I tested the benchmark with nemesis and distrib. I got:

nemesis real 2m13.800s user 140m33.444s sys 1m52.144s

distrib real 2m17.940s user 144m54.988s sys 1m53.671s

I started looking that the profiling data as well, but I don't quite understand it yet.

ronawho commented 7 years ago

Those times look off to me, especially for nemesis where I would expect the real and user times to be pretty similar since the blocked qthreads shouldn't be using up much CPU.

Are you using a chapel-like build? (--enable-condwait-queue, --disable-spawn-cache, etc.)

npe9 commented 7 years ago

Not yet. What's your exactly configure invocation? (or where can I find it in the chapel source?)

m3m0ryh0l3 commented 7 years ago

On some systems, "user" time is multiplied by the number of cores you're using. So, on the latest-and-greatest 72-core Skylake CPU, you could easily get 144 minutes of user-time out of a 2-minute wall-clock time.

ronawho commented 7 years ago

@npe9 https://github.com/chapel-lang/chapel/blob/master/third-party/qthread/Makefile has everything that we set to build qthreads. I think Dylan and/or George also added something to https://github.com/Qthreads/qthreads/blob/master/scripts/build.pl to mimic our config.

And by default we run w/o hyperthreads doing someting like:

nemesis:

QT_GUARD_PAGES=false
QT_WORKER_UNIT=core
QT_NUM_SHEPHERDS=<num physical (not logical) cpus>
QT_NUM_WORKERS_PER_SHEPHERD=1
QT_STACK_SIZE=8388608 (8MB)

distrib:

QT_STEAL_RATIO=0
QT_GUARD_PAGES=false
QT_WORKER_UNIT=core
QT_HWPAR=<num physical (not logical) cpus>
QT_STACK_SIZE=8388608 (8MB)

You can look at our shim layer to see exactly what we set: https://github.com/chapel-lang/chapel/blob/master/runtime/src/tasks/qthreads/tasks-qthreads.c

@m3m0ryh0l3 yeah that's true for the machines I'm running on too, but my point was that while thread-ring creates a lot of tasks, only one is active at a time, and the others are blocked on a sync var.
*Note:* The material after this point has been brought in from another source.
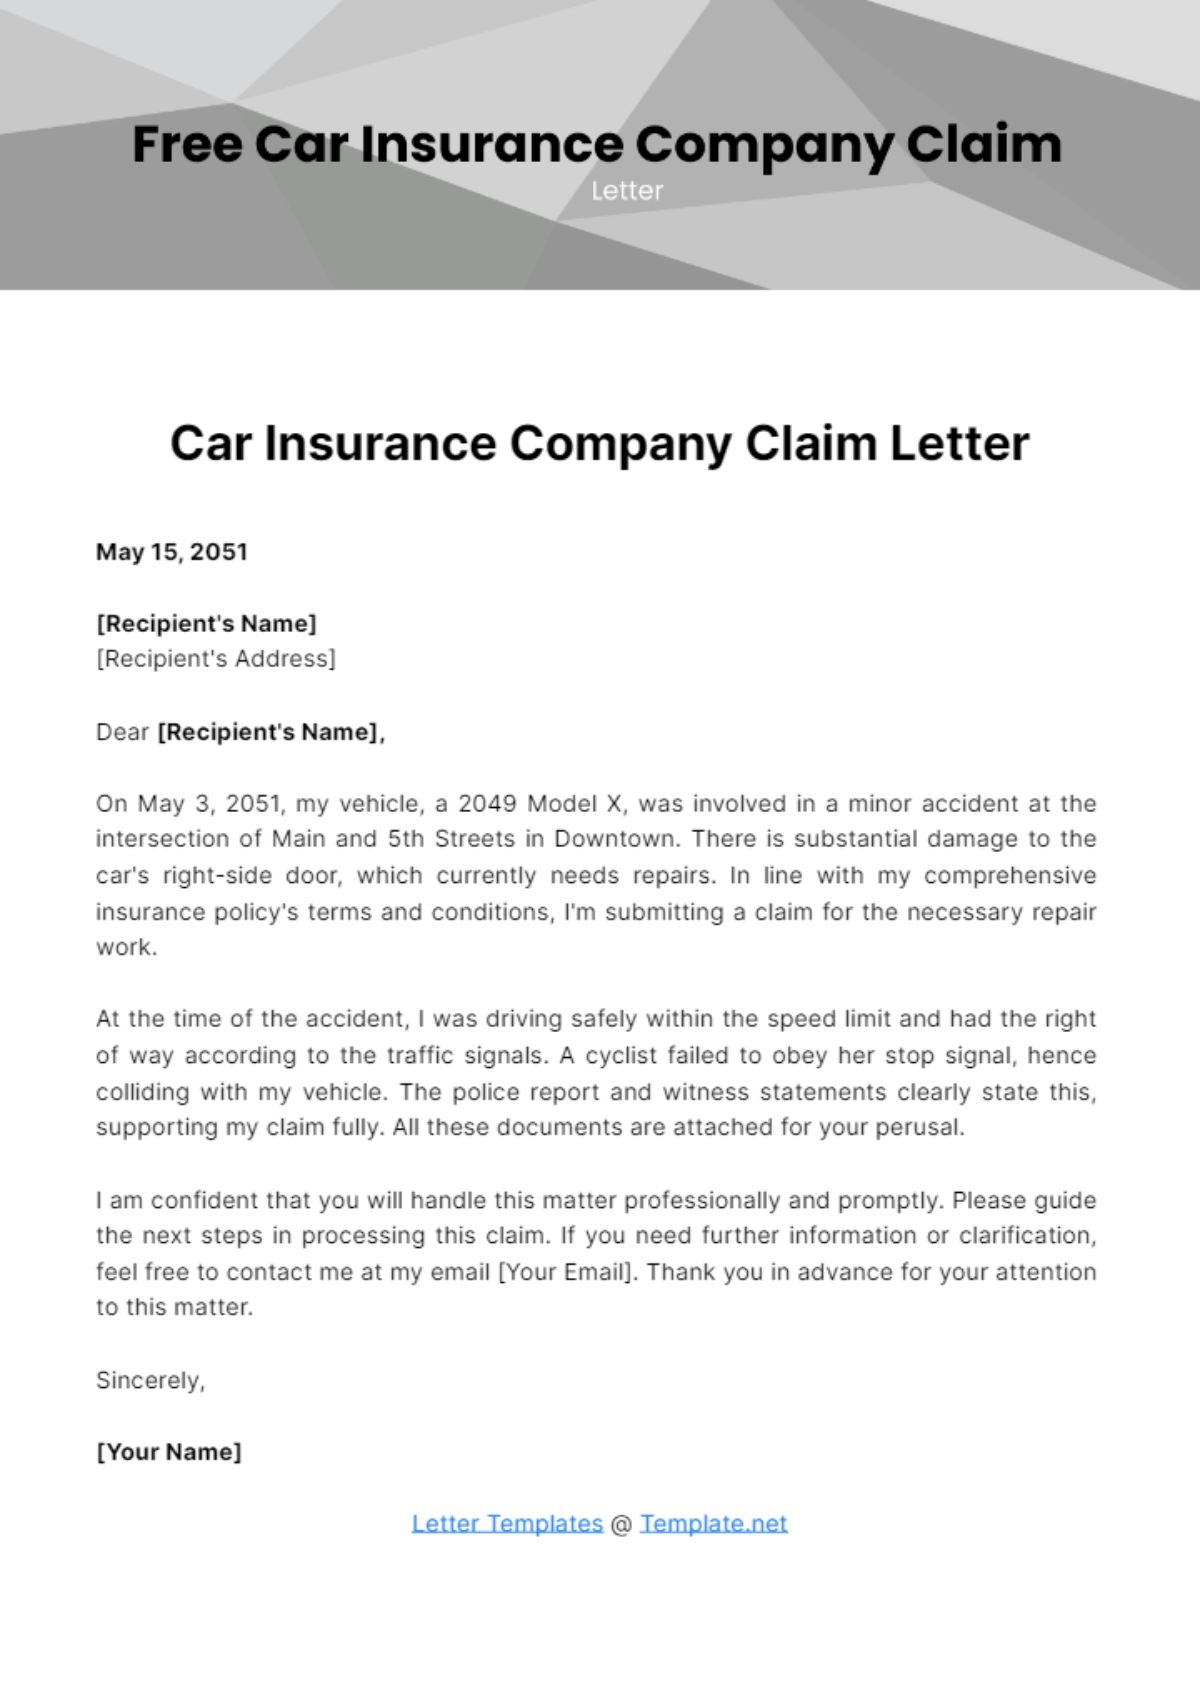 Free Car Insurance Company Claim Letter Template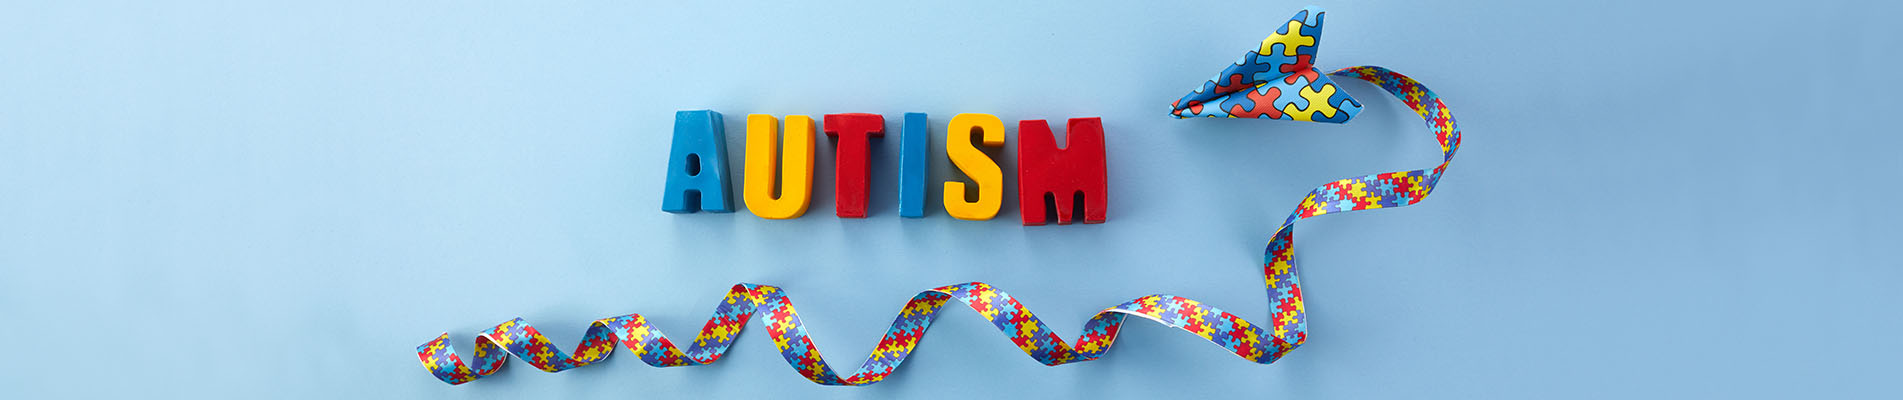 Cannabis for Autism - Is It Effective?

Here's my timings on a dual socket (2 12-core machine) for nemesis:

real 14.56
user 14.74
sys 0.04
npe9 commented 7 years ago

@ronawho Using your environment variable settings (and 1 shepherd to make sure numa isn't screwing anything up) I get the following on a 2 socket 32 core haswell:

sherwood real 0m22.206s user 0m21.843s sys 0m0.326s

nemesis real 0m24.182s user 0m23.821s sys 0m0.322s

distrib real 0m23.903s user 0m23.551s sys 0m0.324s

Which is closer to what we'd expect. I'm going to dig deeper into what's going using perf to profile the behavior and get back to you. When I get this infrastructure up we can work on tuning distrib as well.

npe9 commented 7 years ago

Got it to the right timing. Perf was interfering.

With distrib I'm getting 15.56s user 0.37s system 99% cpu 15.952 total

ronawho commented 7 years ago

And what if you use <num physical cores> shepherds? For us, nemesis still gets good performance and the real/user times are pretty close, but for distrib we get worse perf and time -p seems shows most cpus are busy.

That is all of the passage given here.